梁昊權一聽這話嘴角揚起了笑意,“渡邊健說他爺爺也不是很清楚,只遠遠看到一箱一箱的東西。不過根據(jù)當時的情形以及那幾個人透露的消息來看,應該是當時那些日本兵在中國搜刮的財寶。所以這么多年過去,渡邊健還千里迢迢跑到中國尋找這失落的寶藏。據(jù)說他們家族人其實并不相信,覺得是渡邊健的爺爺胡說的。要不是渡邊健因為投資失敗欠下了不少的債,否則也不會打這里的主意。他也是豁出去,看有沒有機會翻身。”
景行難掩心中興奮,“聽起來是財寶的可能性很大啊!真想現(xiàn)在就去那個洞里瞧瞧。”

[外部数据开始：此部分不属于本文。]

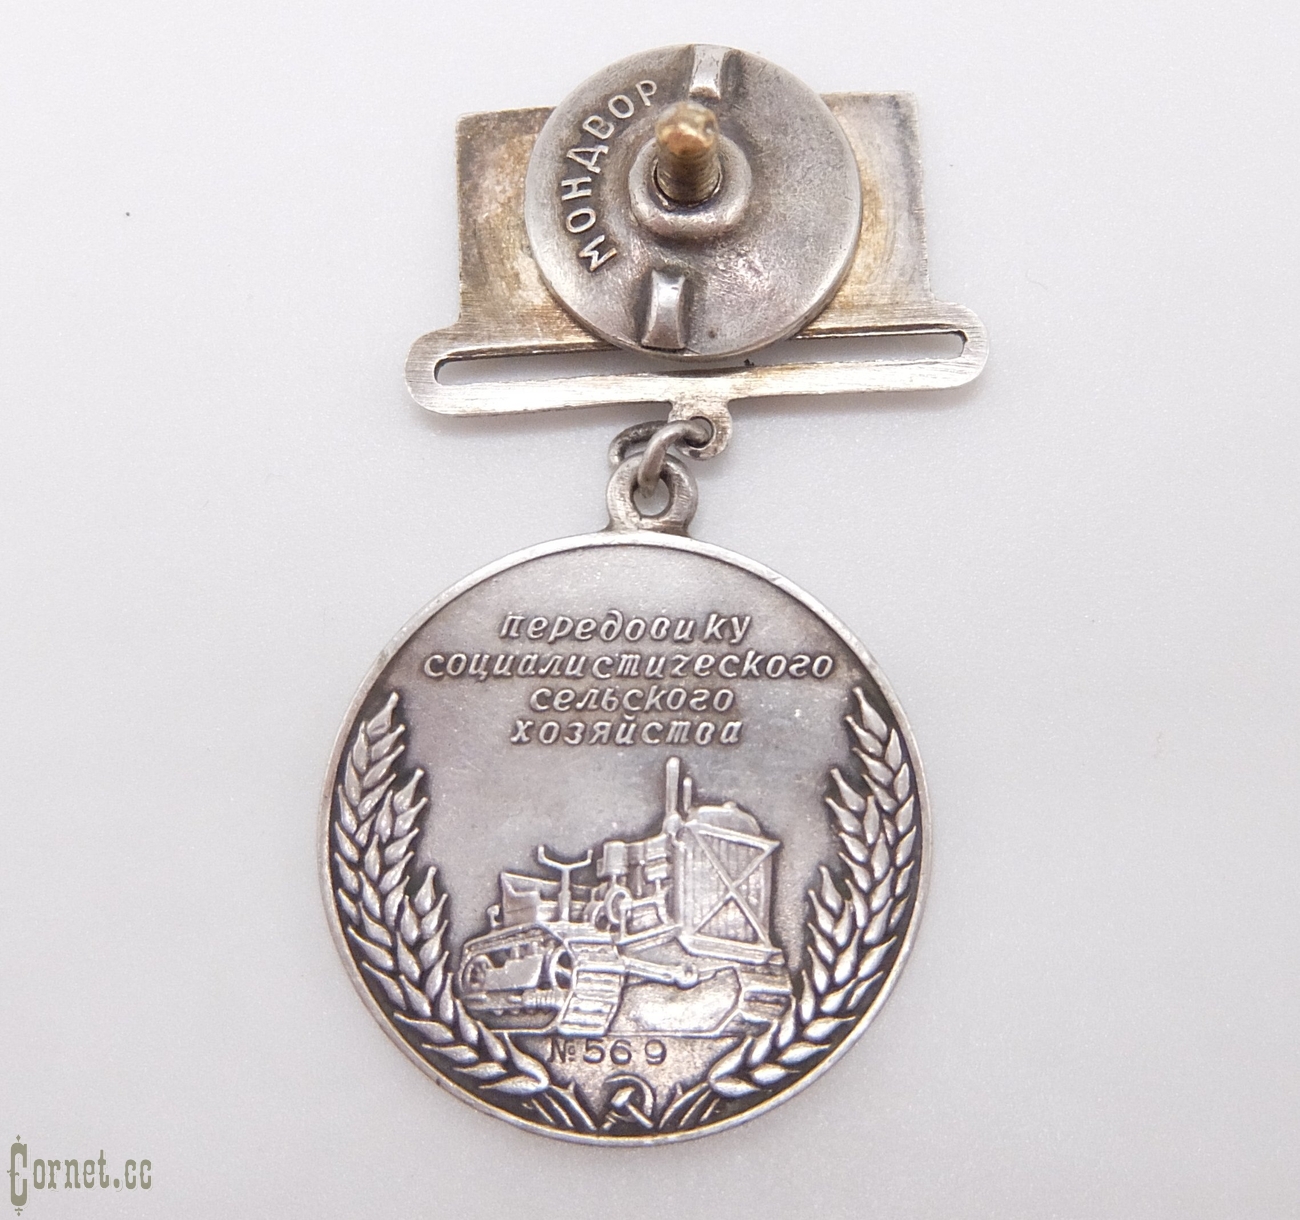 Medal of the All-Union Agricultural Exhibition of 1940

因為一直擔心里邊有什么機關,所以在沒有萬全之策的時候,一直沒有打那個洞的主意。可知道內情的人早已蠢蠢欲動,每個人心里都有個探險尋寶夢,現(xiàn)在終于可以實現(xiàn),哪有不動心的道理。
梁昊權刮了刮他的鼻子,“這事你就甭想了,里邊什么情況我們都不知道,冒然闖進去實在太危險了,還是讓專業(yè)人士去折騰吧。我已經讓吳庸去組織了,你還是消停些,免得又有什么閃失咱媽可絕對饒不了咱媽。”
景行頓時蔫了下來,也知道這事確實不能莽撞,當初可是消失了二三十號人,如果僅僅是抬東西,不至于出動這么多人,恐怕也是要搞什么機關。就算不是很復雜,一個不小心還是會丟了性命。他沒有吳庸他們專業(yè)人士的能耐,還是不要湊上去拖人后腿。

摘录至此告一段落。